* [What to do]:
Produce an exact transcription of the listing below, omitting the pictures.

* [Data provided]:
== Segment start ==
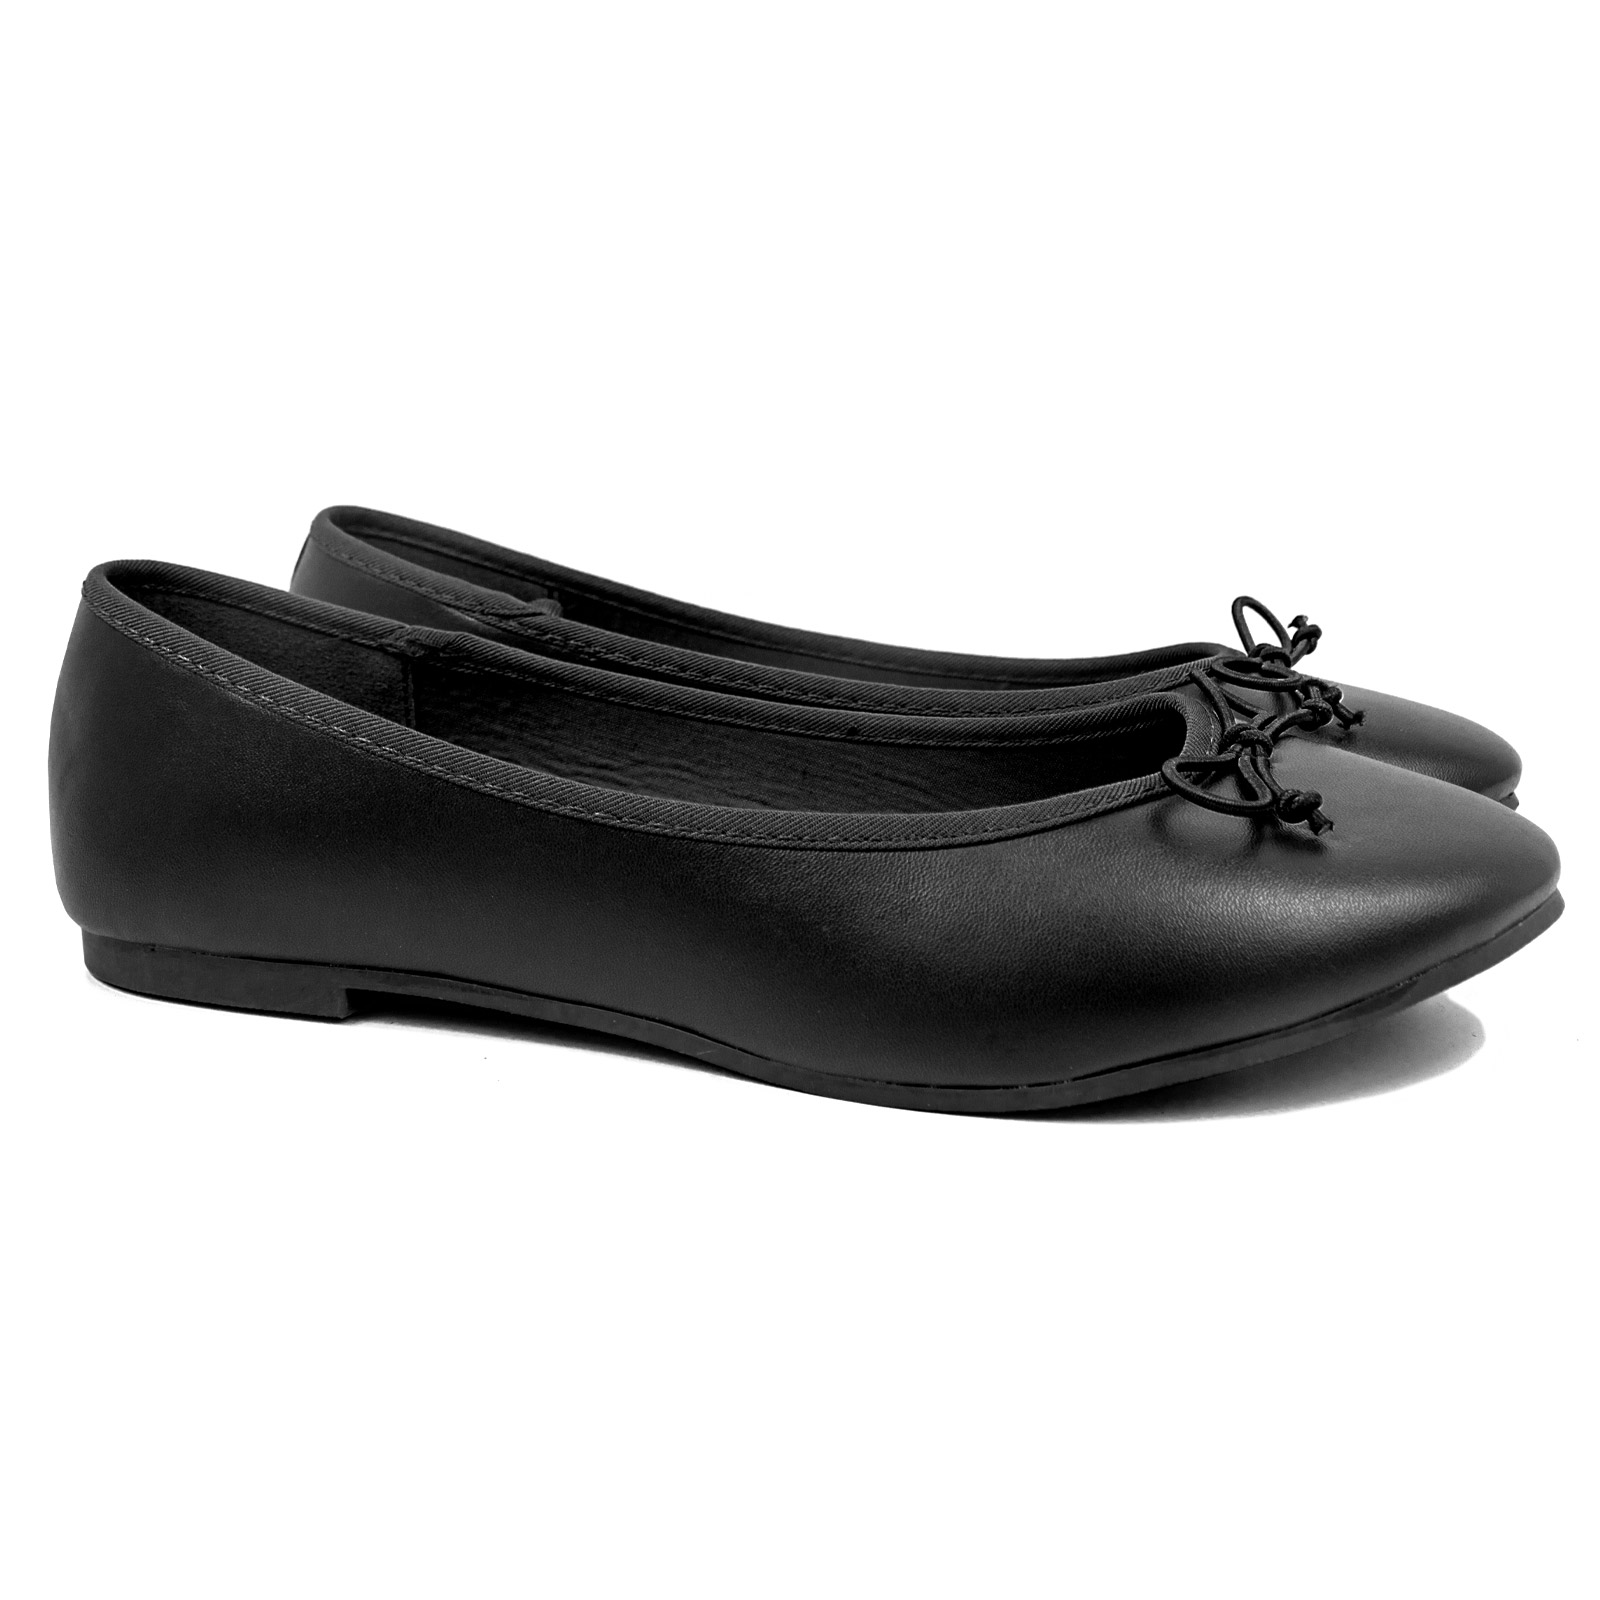 Ex Store Ladies Womens Flat Ballerina Ballet Pumps Shoes Size 4 5 6 7 8 Ebay
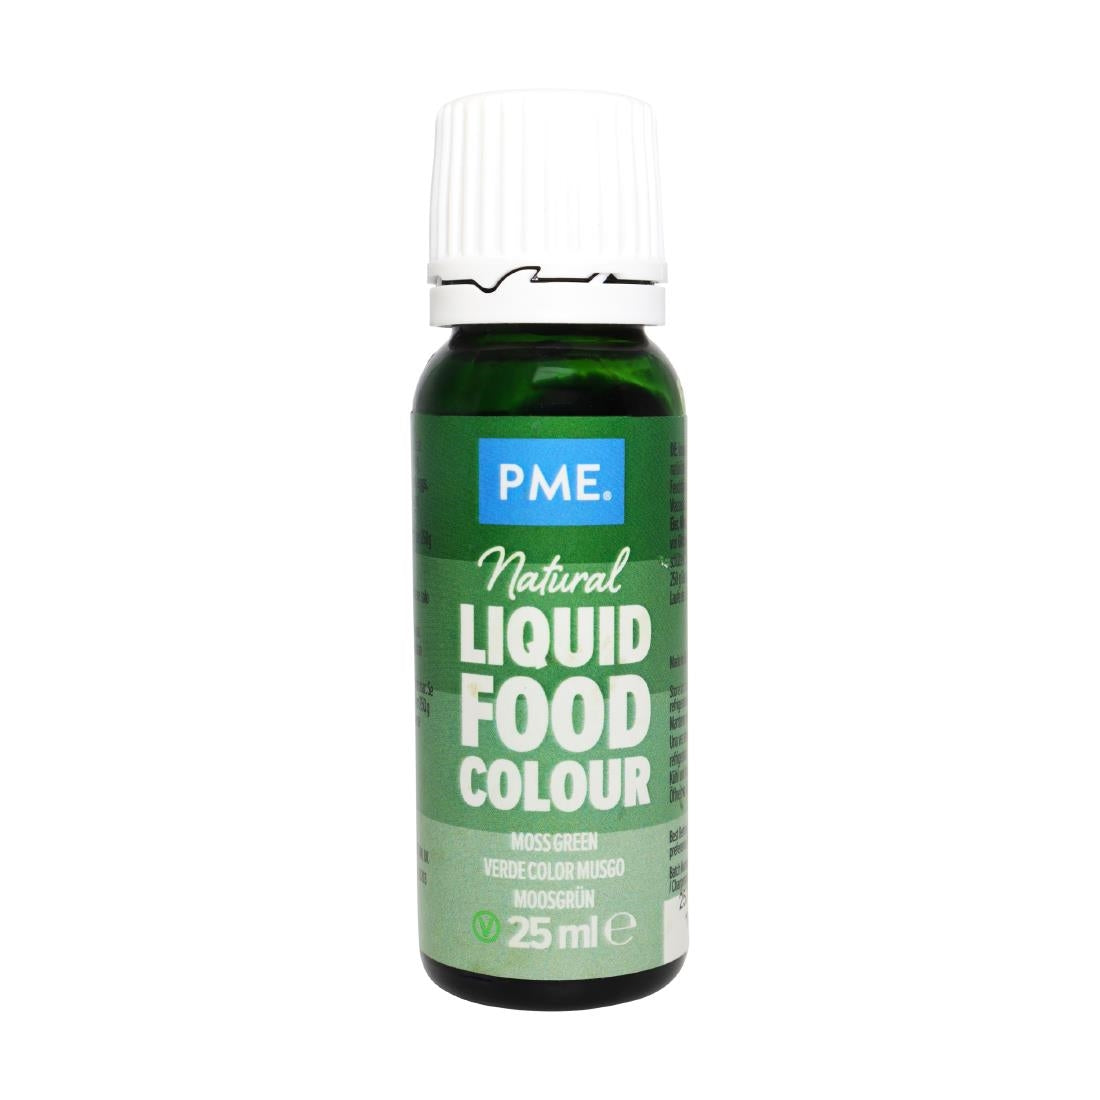 HU272 PME 100% Natural Food Colour - Moss Green 25g
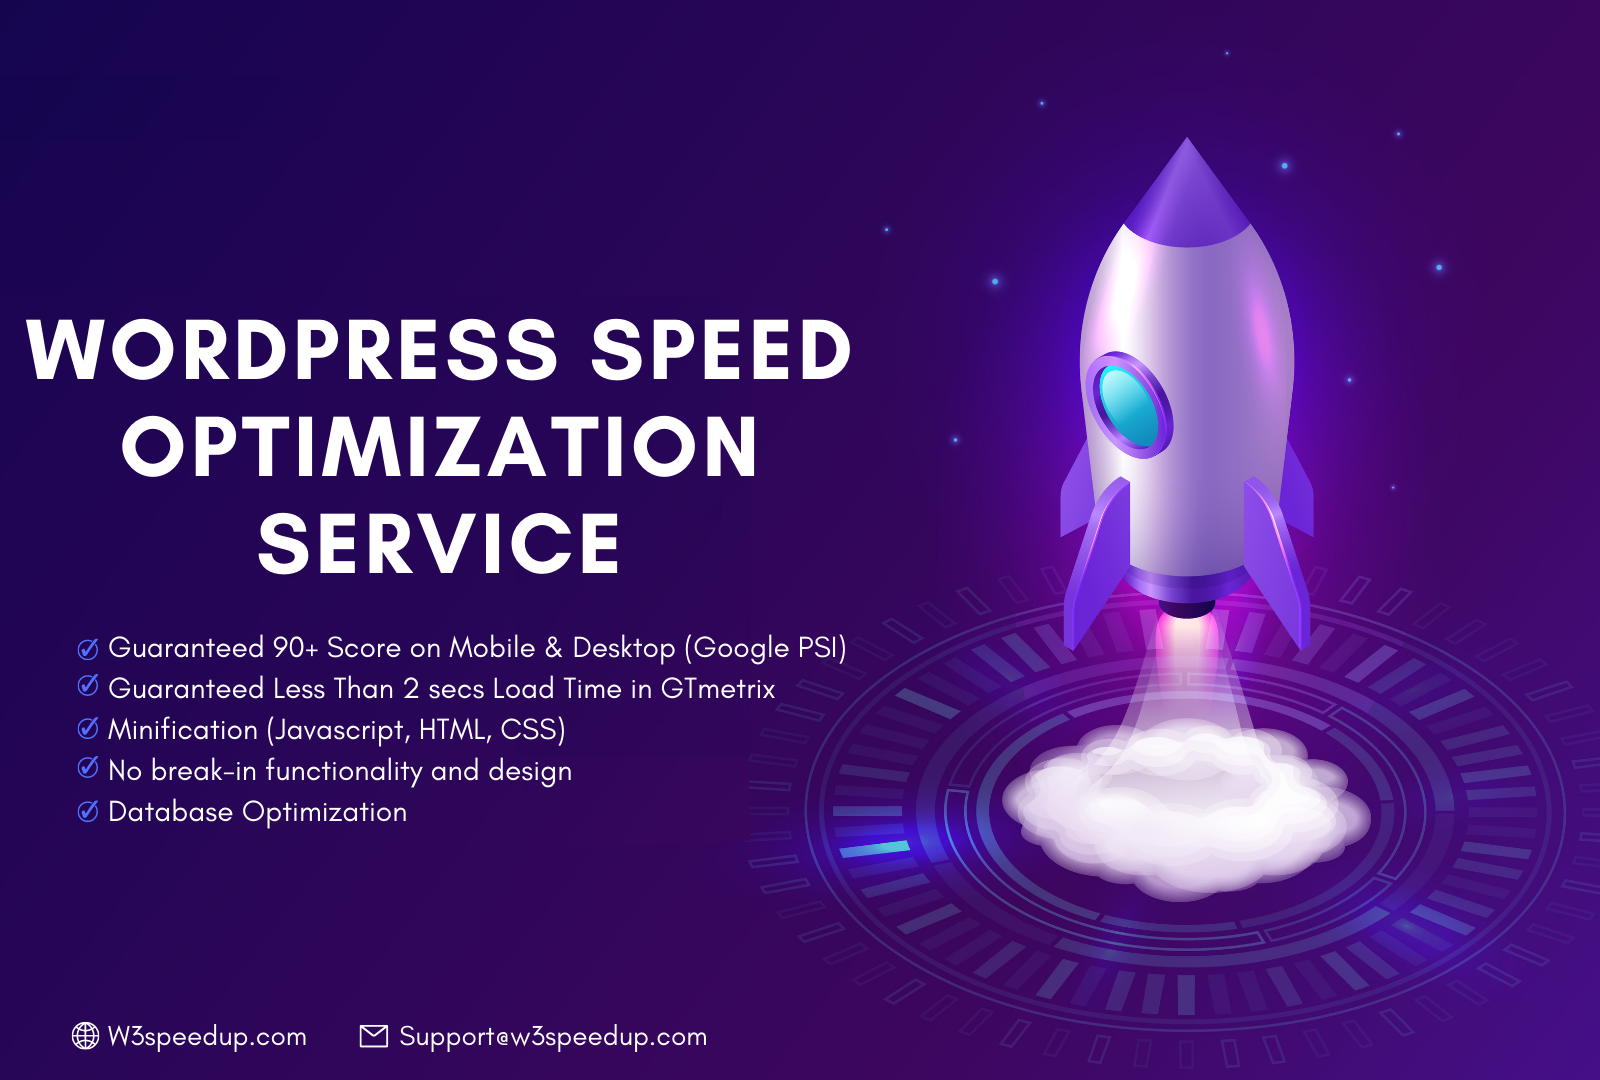 WordPress Speed Optimization Service, Assured 90+ on Mobile
== Segment end ==
* [Written answer]:
 Ex Store Ladies Womens Flat Ballerina Ballet Pumps Shoes Size 4 5 6 7 8 Ebay
 HU272 PME 100% Natural Food Colour - Moss Green 25g
 WordPress Speed Optimization Service, Assured 90+ on Mobile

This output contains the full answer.